The stalemate between Kerry Co-op and a number of its shareholders shows no sign of ending over a proposed ‘cash for shares’ scheme put forward by the board of the co-operative.

Although the full details of the planned scheme are yet to be released, one shareholder claimed that it is the “least tax-efficient option available to shareholders to realise the value of their shares”.

Speaking to AgriLand, the shareholder said: “With this scheme we will be paying 55% tax in the form of income tax, PRSI and USC.”

This contentious issue was raised back in February when the preliminary details for the Equity Redemption Scheme was distributed to shareholders.

The shareholder said that the proceeds of the scheme will be considered as an income, and that this would put those shareholders who are in receipt of some allowances and grants “in a precarious position”.

However, Kerry Co-ops’s company secretary Thomas Hunter McGowan argued that “no two people have the same tax situation”.

“This scheme will be better for those on the lower tax rate,” said Hunter McGowan, speaking to AgriLand.
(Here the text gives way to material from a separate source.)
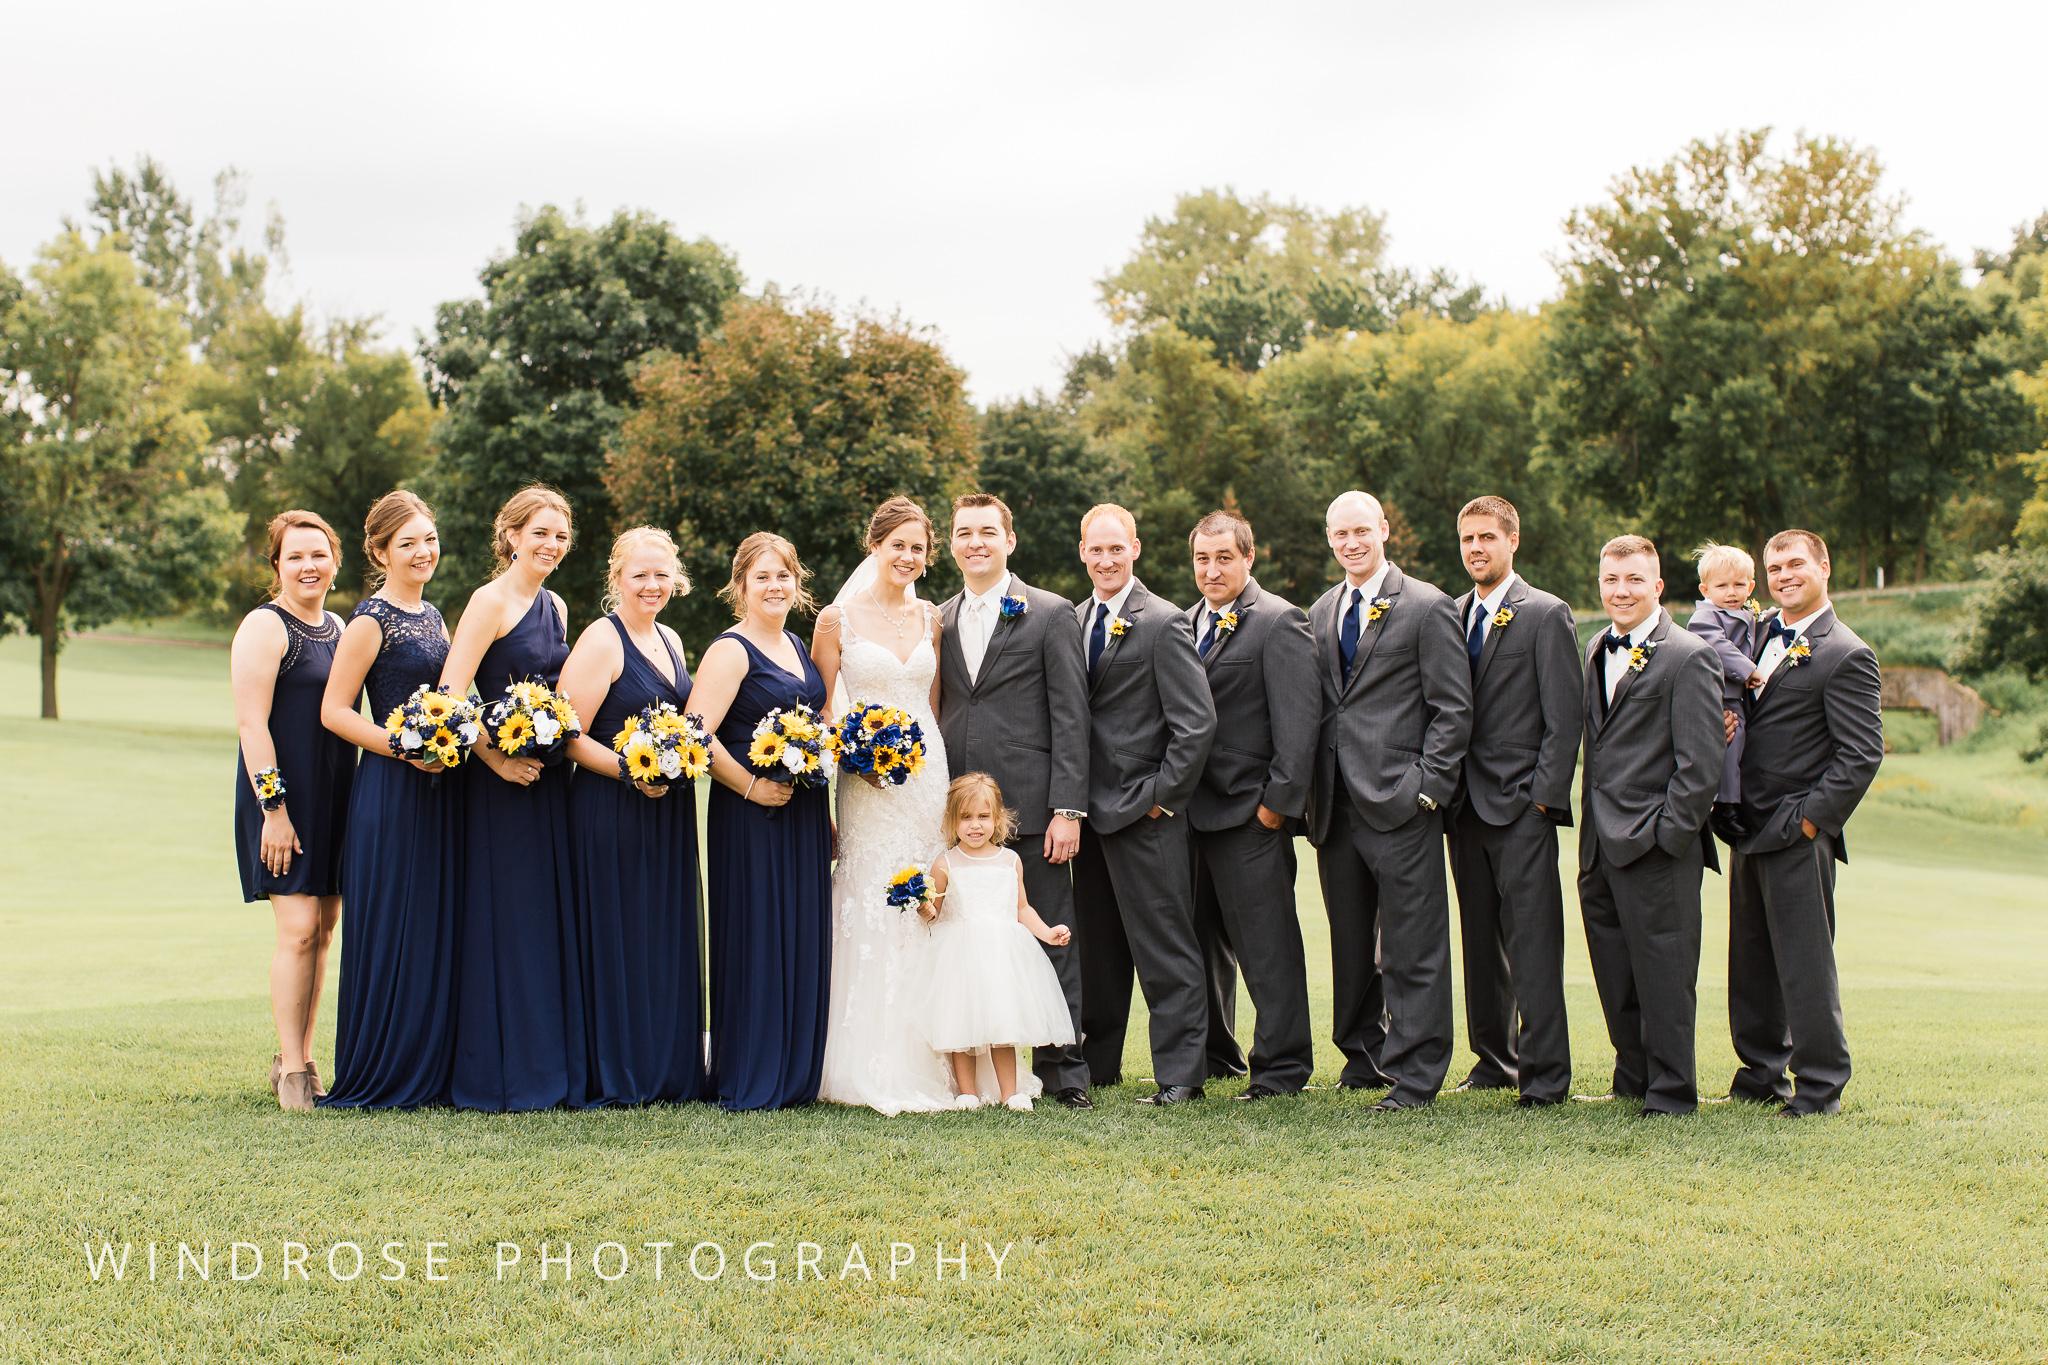 La-Crosse-Country-Club-Wedding-Minnesota-Wedding-Photographer-17.jpg

Furthermore, he said that the shares are ‘locked in’ and that there was “no other option” for discharging the shares except through the proposed scheme.

The shareholder claims, though, that this form of redemption scheme would benefit only a small minority of shareholders.


The questions over taxation started as soon as details were distributed to shareholders.

The tax implications are largely due to the fact that the co-operative no longer meets the ‘Section 701’ criteria – that would have traditionally protected agricultural co-ops from tax liabilities – due to its proportion of members not actively farming.

It is understood that, at the time, Revenue was challenging the valuation at which co-op shares have been transferred for gift/inheritance tax purposes.

According to a document seen by AgriLand, Revenue noted that a single share is roughly worth €540 – considerably more that the €300 valued shares sold up to that point on the ‘grey market’.

The scheme is due to be voted on by shareholders at the upcoming annual general meeting (AGM).